I don't understand what you mean. Sure the logs could timeout at some
point (or shouldn't there be some size limits anyway?), but you'd still
need to keep track of what different slaves have seen.
> > Solution here would again be that before EXPUNGE notifications are sent
> > to client we'll wait for reply from slave that it had also processed the
> > expunge.
> From all your descriptions it sounds as if you are trying to do Synchronous
> replicat. What I suggested is basically to use Asynchronous replication.
> I think synchronous replication is not only much more difficult, but also
> much more difficult to debug and maintain in working order over changes.
Right. And I think the benefits of doing it synchronously outweight the
extra difficulties. As I mentioned in the beginning of the mail:
Since the whole point of master-slave replication would be to get a
reliable service, I'll want to make the replication as reliable as
possible. It would be easier to implement much simpler master-slave
replication, but in error conditions that would almost guarantee that
some messages get lost.
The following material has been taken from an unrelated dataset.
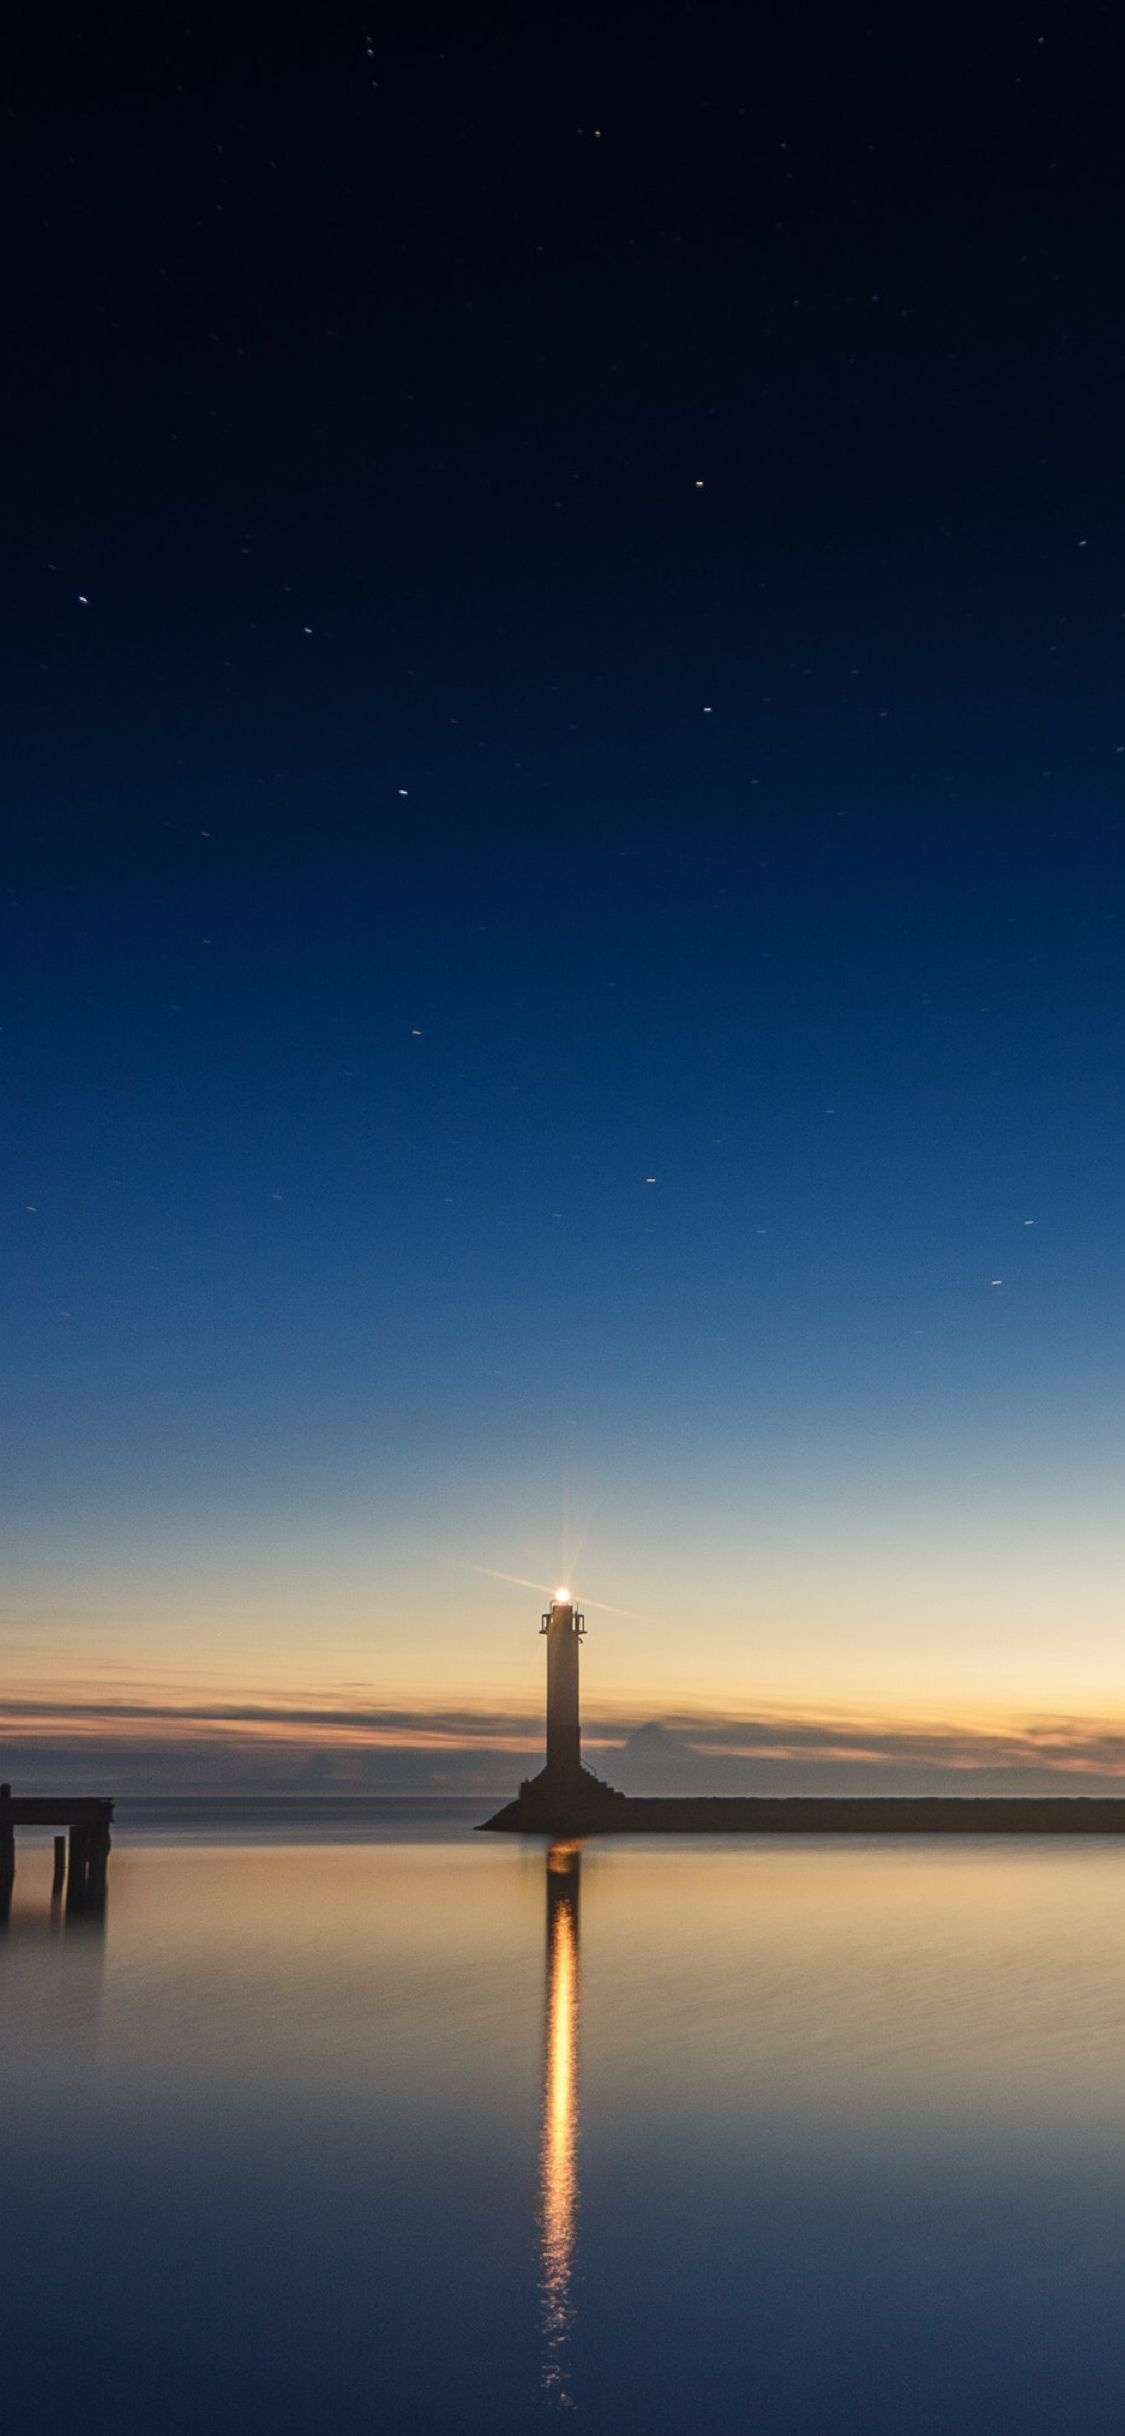 Clear night, Scenic beauty, Lighthouse silhouette, iPhone wallpaper, 1130x2440 HD Phone

I want to avoid that.
By "much simpler replication" I mean asynchronous replication. Perhaps
asynchronous could be an option also if it seems that synchronous
replication adds too much latency (especially if your replication is
simply for an offsite backup), but I'd want synchronous to be the
> > After master/multi-slave is working, we're nearly ready for a full
> > multi-master operation
> I think it will be clearer to see what needs to be done after you have
> master-slave working.
Sure. I wasn't planning on implementing multi-slave or multi-master
before the master/slave was fully working and stress testing showing
that no mails get lost even if master is killed every few seconds (and
each crash causing master/slave to switch roles randomly).
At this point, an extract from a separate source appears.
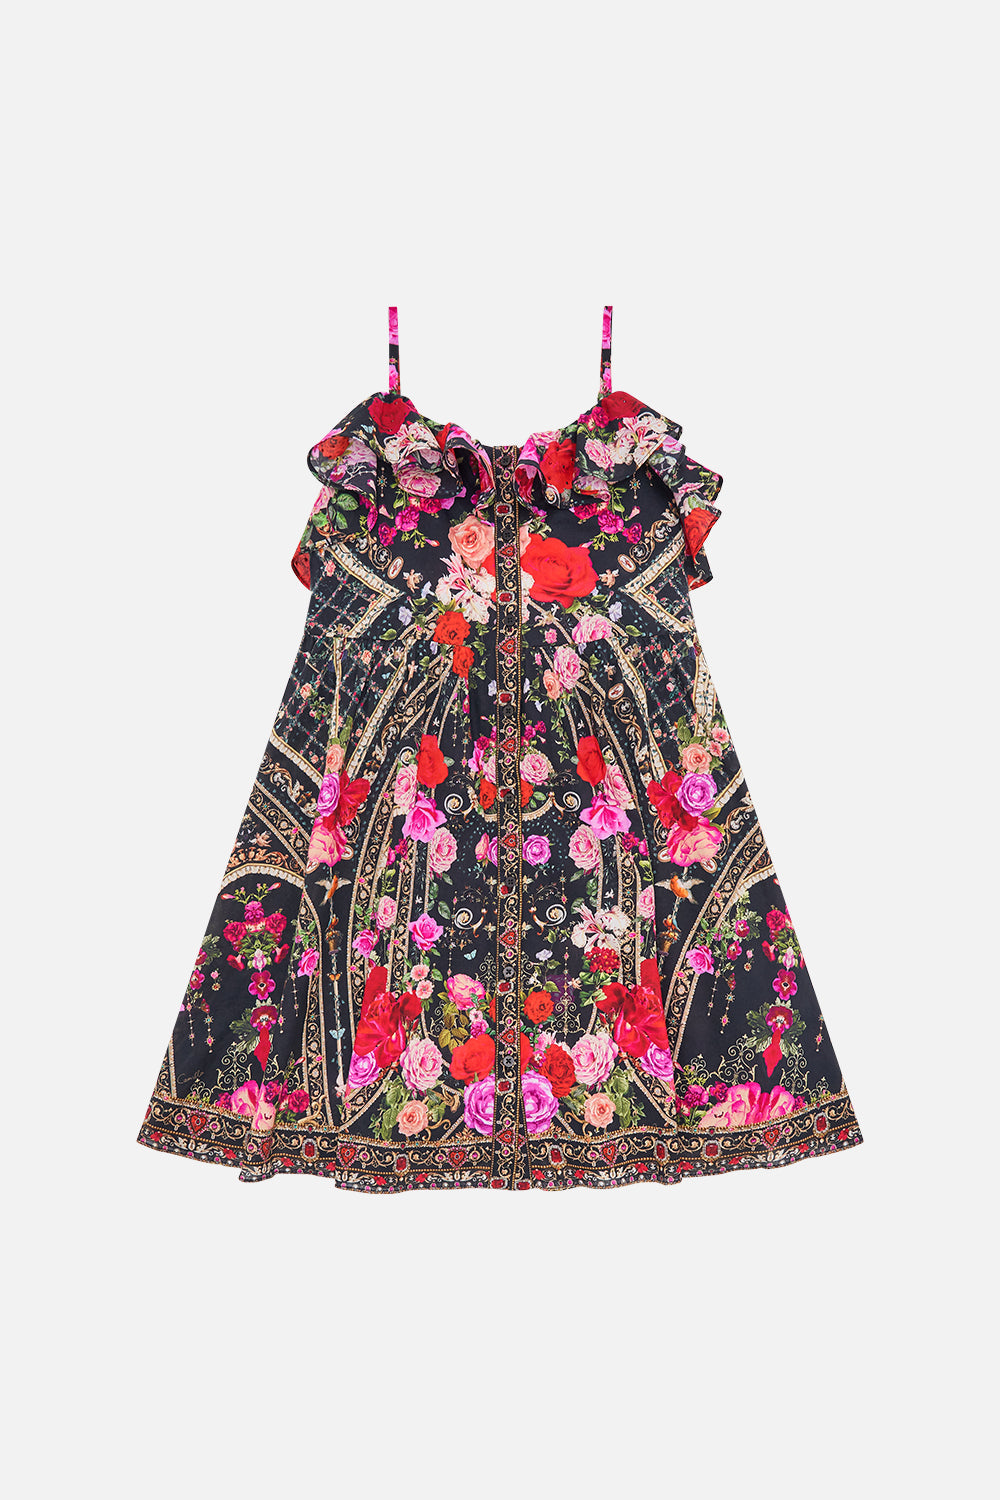 Milla By CAMILLA kids frill dress with bow in Reservation For Love print

> I have never tried to implement a replication system,
> but I think that the onl way to have a reliable multi-master system is to
> have synchronous replication across ALL nodes.
That would make it the safest, but I think it's enough to have just one
synchronous slave update. Once the slaves then figure out together who
is the next master, it would gather all the updates it doesn't know
about yet from the other slaves.
(Assuming the multi-master was implemented so that global mailbox holder
is the master for the mailbox and the others are slaves.)
> This increases communication and locking significantly. The locking alone
> will likely be a choke point.
My plan would require the locking only when the mailbox is being updated
and the global lock isn't already owned by the server. If you want to
avoid different servers from constantly stealing the lock from each
others, use different ways to make sure that the mailbox normally isn't
modified from more than one server.
I don't think this will be a big problem even if multiple servers are
modifying the same mailbox, but it depends entirely on the extra latency
caused by the global locking. I don't know what the latency will be
until it can be tested, but I don't think it should be much more than
what a simple ping would give over the same network.